Task data: Begin
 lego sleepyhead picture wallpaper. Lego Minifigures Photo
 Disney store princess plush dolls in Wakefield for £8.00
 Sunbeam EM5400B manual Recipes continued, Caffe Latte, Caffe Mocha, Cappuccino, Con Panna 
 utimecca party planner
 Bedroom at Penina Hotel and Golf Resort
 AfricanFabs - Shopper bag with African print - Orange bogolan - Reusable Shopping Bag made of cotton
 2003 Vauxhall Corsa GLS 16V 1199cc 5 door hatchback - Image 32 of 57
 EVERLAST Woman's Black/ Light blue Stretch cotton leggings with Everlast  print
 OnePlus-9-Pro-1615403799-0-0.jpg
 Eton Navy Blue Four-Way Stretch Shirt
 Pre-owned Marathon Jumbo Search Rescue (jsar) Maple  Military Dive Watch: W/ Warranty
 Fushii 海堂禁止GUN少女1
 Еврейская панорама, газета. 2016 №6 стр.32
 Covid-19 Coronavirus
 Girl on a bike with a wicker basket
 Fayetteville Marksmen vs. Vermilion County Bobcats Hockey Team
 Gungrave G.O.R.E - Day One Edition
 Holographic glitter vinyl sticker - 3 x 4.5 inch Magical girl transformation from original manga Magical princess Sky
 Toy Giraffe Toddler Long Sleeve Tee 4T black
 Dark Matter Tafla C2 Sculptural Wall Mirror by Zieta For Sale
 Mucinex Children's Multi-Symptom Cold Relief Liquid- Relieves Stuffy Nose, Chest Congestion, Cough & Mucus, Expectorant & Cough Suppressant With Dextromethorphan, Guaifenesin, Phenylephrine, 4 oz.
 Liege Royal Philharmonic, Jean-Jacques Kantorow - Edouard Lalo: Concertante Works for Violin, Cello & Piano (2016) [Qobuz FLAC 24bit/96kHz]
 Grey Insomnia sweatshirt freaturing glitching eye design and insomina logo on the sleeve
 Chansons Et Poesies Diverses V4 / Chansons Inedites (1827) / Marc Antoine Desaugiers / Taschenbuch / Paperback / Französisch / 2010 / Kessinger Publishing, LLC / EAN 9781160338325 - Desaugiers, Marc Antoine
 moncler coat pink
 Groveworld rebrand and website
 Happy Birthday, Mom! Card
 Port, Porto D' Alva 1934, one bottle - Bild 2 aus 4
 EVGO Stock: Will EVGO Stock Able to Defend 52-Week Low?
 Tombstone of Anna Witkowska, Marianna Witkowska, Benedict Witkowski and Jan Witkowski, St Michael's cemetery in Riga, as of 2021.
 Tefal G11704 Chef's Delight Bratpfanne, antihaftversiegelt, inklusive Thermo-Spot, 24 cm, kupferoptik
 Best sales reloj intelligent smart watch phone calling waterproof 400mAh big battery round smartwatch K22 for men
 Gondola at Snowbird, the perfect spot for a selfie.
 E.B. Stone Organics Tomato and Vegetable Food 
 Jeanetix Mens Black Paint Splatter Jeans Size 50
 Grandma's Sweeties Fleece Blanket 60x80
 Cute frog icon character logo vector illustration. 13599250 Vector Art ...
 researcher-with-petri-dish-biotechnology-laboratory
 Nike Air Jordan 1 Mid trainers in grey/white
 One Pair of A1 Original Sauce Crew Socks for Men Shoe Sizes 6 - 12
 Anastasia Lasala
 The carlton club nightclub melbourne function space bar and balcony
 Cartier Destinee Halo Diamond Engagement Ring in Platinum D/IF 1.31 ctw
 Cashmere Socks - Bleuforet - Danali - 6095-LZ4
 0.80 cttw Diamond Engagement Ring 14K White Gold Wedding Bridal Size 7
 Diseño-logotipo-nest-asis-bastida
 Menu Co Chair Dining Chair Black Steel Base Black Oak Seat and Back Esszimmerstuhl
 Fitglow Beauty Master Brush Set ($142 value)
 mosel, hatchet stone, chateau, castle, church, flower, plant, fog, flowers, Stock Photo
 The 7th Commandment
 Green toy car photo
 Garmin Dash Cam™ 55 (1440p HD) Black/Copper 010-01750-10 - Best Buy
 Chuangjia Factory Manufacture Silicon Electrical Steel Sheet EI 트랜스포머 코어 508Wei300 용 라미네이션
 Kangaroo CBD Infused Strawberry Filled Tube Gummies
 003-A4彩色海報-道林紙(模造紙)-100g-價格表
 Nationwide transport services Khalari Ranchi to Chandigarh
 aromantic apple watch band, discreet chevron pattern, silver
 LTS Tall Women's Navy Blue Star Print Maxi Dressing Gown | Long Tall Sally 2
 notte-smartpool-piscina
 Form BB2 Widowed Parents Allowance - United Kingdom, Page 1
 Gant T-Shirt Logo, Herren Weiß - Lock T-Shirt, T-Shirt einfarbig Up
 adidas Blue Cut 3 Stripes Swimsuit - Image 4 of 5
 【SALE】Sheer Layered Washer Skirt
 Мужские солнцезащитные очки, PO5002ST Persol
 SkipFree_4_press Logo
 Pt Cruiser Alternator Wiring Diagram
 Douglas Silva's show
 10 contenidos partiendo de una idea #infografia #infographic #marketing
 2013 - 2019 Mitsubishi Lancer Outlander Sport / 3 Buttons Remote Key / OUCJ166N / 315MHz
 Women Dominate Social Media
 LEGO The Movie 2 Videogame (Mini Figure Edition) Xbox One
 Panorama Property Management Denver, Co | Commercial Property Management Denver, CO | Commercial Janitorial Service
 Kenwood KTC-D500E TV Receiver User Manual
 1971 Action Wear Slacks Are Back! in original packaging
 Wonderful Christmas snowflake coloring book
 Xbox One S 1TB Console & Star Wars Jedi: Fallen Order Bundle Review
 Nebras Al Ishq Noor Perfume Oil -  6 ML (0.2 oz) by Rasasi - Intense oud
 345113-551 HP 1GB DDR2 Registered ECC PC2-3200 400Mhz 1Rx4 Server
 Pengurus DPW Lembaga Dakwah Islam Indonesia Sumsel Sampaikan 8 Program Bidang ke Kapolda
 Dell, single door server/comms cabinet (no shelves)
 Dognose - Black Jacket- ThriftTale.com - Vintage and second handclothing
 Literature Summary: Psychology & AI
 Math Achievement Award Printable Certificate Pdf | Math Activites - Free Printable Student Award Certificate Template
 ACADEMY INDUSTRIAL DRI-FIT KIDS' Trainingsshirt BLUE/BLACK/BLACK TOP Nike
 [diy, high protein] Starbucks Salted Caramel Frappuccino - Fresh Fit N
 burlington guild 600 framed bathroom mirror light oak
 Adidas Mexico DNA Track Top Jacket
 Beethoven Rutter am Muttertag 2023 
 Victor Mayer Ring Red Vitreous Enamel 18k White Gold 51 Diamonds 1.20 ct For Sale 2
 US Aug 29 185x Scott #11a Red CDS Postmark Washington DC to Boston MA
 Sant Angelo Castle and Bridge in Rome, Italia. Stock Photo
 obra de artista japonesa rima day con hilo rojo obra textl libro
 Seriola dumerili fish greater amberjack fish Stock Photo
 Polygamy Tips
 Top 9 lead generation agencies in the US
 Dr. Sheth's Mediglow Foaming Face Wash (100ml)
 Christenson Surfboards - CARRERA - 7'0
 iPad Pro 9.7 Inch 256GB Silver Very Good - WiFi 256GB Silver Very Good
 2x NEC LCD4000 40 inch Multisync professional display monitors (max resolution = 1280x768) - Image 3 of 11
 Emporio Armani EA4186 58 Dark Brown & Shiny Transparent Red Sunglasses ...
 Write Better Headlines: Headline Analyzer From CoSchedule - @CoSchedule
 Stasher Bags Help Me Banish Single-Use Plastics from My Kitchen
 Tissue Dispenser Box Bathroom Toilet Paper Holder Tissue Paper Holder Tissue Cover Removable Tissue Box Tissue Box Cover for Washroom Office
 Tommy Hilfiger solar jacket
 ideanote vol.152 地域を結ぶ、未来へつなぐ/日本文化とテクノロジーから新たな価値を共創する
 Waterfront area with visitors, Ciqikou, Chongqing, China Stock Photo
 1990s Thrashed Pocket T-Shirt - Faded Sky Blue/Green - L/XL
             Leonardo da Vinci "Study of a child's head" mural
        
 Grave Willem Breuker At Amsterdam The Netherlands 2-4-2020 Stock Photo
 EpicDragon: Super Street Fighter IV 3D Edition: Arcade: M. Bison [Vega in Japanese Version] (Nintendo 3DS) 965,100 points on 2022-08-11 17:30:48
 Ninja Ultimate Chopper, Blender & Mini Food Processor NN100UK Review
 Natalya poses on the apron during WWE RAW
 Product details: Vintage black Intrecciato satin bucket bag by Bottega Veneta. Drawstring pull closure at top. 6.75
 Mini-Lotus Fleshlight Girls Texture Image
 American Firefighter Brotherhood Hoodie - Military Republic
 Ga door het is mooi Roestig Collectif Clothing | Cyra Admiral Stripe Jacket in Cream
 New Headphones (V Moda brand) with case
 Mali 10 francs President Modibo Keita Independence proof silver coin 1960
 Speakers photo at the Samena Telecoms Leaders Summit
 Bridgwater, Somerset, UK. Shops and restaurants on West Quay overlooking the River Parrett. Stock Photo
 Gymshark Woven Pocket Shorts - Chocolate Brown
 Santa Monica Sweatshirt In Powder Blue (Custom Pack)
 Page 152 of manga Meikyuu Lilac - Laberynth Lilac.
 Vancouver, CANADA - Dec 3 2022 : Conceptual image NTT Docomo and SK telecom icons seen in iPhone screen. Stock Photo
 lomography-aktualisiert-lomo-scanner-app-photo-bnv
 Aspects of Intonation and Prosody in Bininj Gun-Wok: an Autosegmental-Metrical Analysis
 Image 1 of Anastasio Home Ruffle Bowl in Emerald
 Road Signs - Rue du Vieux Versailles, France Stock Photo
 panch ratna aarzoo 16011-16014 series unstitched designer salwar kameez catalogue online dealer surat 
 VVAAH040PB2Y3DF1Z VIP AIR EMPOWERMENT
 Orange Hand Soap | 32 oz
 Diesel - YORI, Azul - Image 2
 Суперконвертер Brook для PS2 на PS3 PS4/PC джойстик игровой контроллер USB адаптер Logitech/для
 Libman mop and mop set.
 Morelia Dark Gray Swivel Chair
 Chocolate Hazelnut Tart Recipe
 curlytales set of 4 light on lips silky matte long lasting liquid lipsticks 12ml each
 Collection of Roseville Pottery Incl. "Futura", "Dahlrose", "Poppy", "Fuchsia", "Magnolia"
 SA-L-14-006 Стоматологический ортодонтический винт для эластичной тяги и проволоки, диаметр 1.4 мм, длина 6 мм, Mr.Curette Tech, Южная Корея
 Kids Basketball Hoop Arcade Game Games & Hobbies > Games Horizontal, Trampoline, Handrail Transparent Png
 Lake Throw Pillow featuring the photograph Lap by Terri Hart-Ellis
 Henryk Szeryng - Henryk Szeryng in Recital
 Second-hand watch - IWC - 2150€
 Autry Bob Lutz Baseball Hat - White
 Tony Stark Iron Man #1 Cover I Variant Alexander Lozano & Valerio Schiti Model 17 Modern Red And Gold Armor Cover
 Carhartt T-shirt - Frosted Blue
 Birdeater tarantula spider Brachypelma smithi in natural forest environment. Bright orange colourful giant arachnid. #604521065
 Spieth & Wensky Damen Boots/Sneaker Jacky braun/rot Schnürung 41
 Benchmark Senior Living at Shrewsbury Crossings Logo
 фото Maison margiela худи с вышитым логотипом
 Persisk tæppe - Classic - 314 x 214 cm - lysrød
Task data: End
Exercise brief: Copy the lines of the data above exactly as written, beginning with the line containing "ACADEMY INDUSTRIAL DRI-FIT" and ending with the line containing "obra de artista", and leave out all other lines.

Task answer:
 ACADEMY INDUSTRIAL DRI-FIT KIDS' Trainingsshirt BLUE/BLACK/BLACK TOP Nike
 [diy, high protein] Starbucks Salted Caramel Frappuccino - Fresh Fit N
 burlington guild 600 framed bathroom mirror light oak
 Adidas Mexico DNA Track Top Jacket
 Beethoven Rutter am Muttertag 2023 
 Victor Mayer Ring Red Vitreous Enamel 18k White Gold 51 Diamonds 1.20 ct For Sale 2
 US Aug 29 185x Scott #11a Red CDS Postmark Washington DC to Boston MA
 Sant Angelo Castle and Bridge in Rome, Italia. Stock Photo
 obra de artista japonesa rima day con hilo rojo obra textl libro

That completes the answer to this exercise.